By the way, did you know that Disney's Bob Iger paid just 7% more for both the Lucasfilm Star Wars franchise and Marvel Entertainment -- about $8 billion -- as Microsoft did for Bethesda?

We know how that turned out as Disney has turbo-charged both assets into major revenues and profits, with box office tallies north of $25 billion, the bulk coming from Marvel. And these are assets that will keep on giving for another decade, across streaming, merchandising, and experience platforms.

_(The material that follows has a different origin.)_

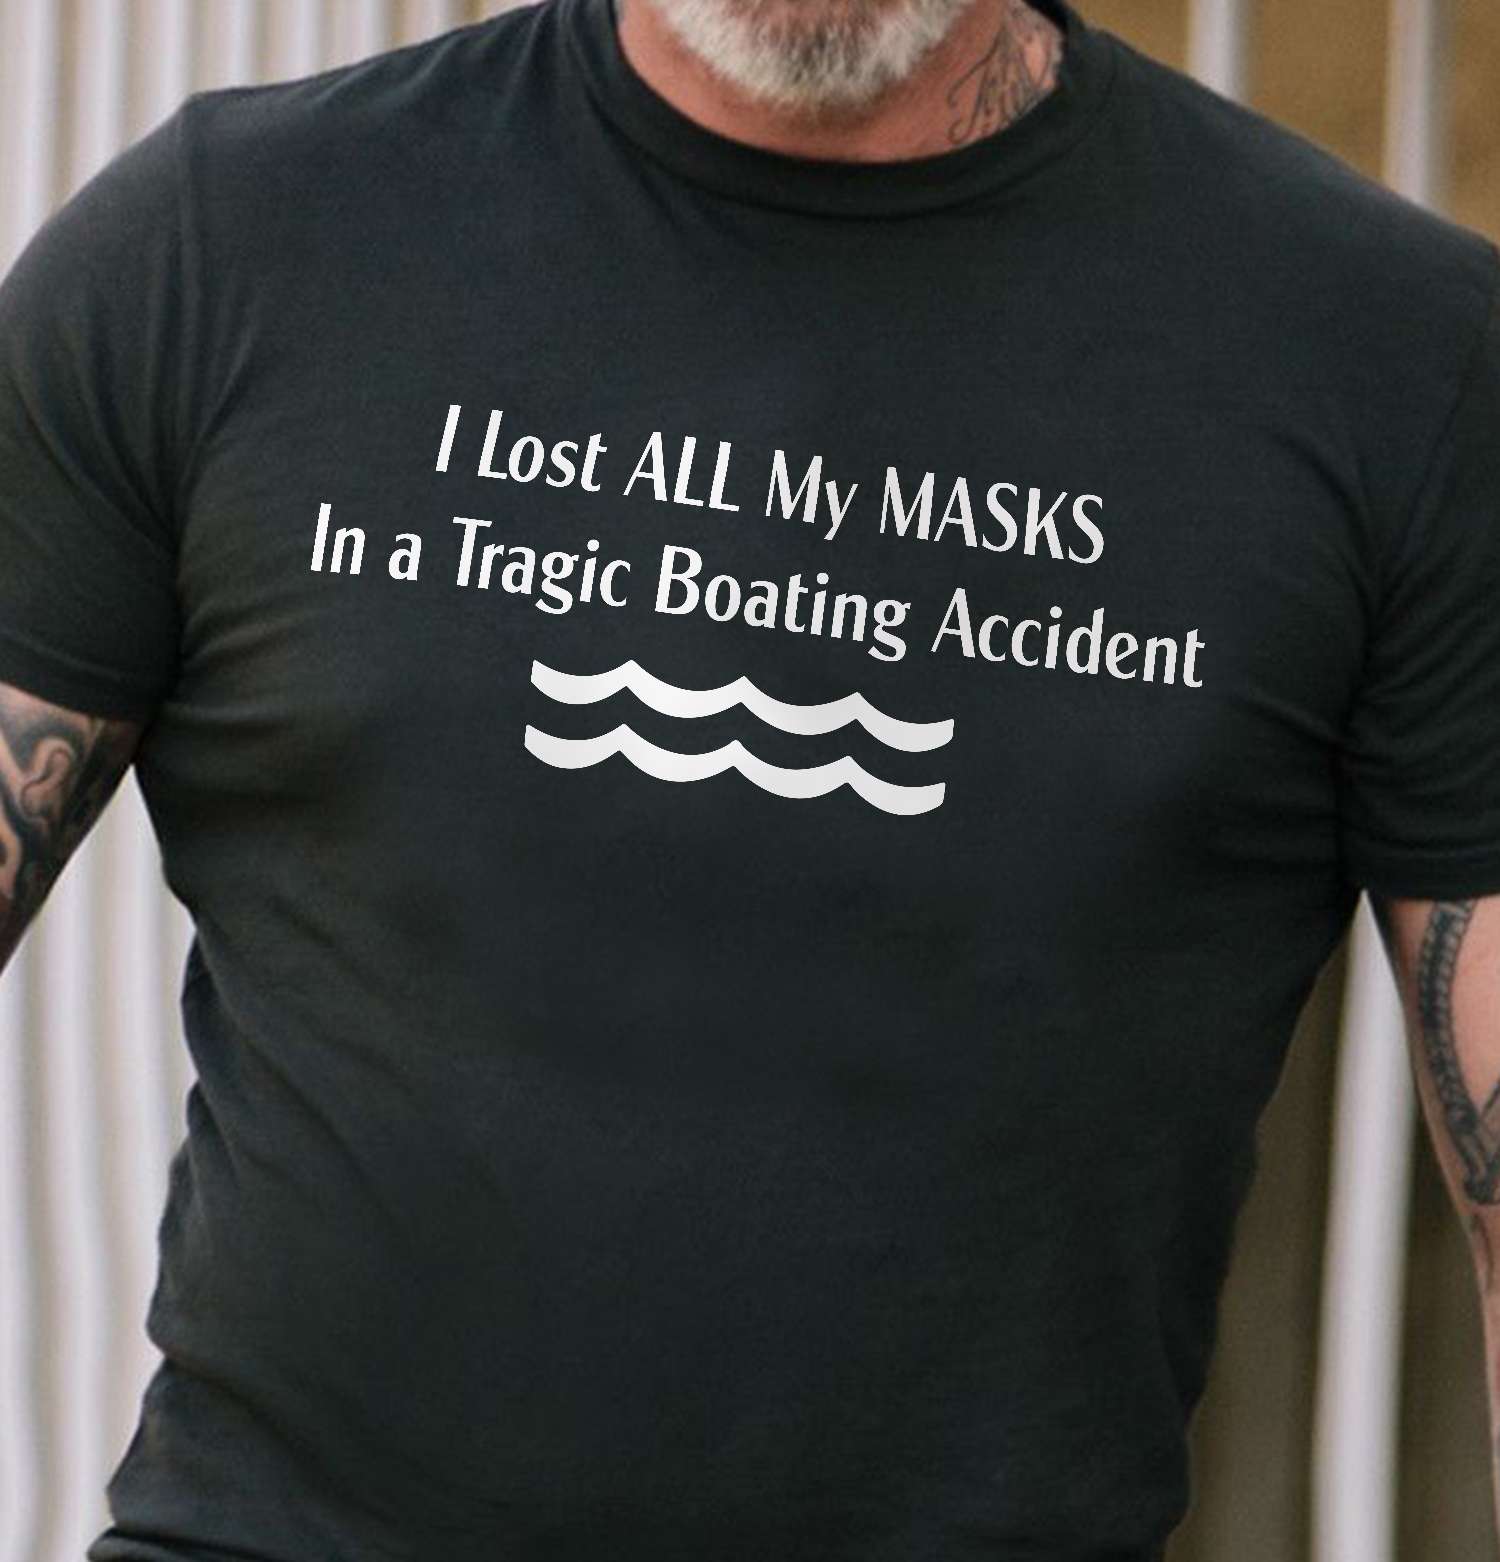 I lost all my masks in a tragic boating accident

The common theme and opportunity for Microsoft, in its further investment in gaming, is that buying a content library like Bethesda and its 8 separate creator studios has the potential to greatly expand revenue potential in their Xbox content and services division.

I ask Dave what gamers like and don't like about the Microsoft deal and he also explains other streaming subscription services like NVIDIA's and Electronic Arts (EA - Free Report) new cloud service called Atlas.

Dave then opines on the virtues of Xbox and PC vs. Sony Playstation. And he tells us which next-gen unit he's buying next month (hint: it has a "5" in the name).

On the podcast, we also get into the launch pains for the NVIDIA GeForce RTX 3080 GPUs and what gamers should expect going forward.

Finally, I ask Dave to explain "ray tracing" in layman's terms. Oh, and I didn't even know that Amazon (AMZN - Free Report) was launching a new cloud gaming service called Luna.

Get Dave's take on that and a whole lot more gaming mania in this episode of Mind Over Money.

Disclosure: I own shares of NVDA for the Zacks TAZR Trader portfolio.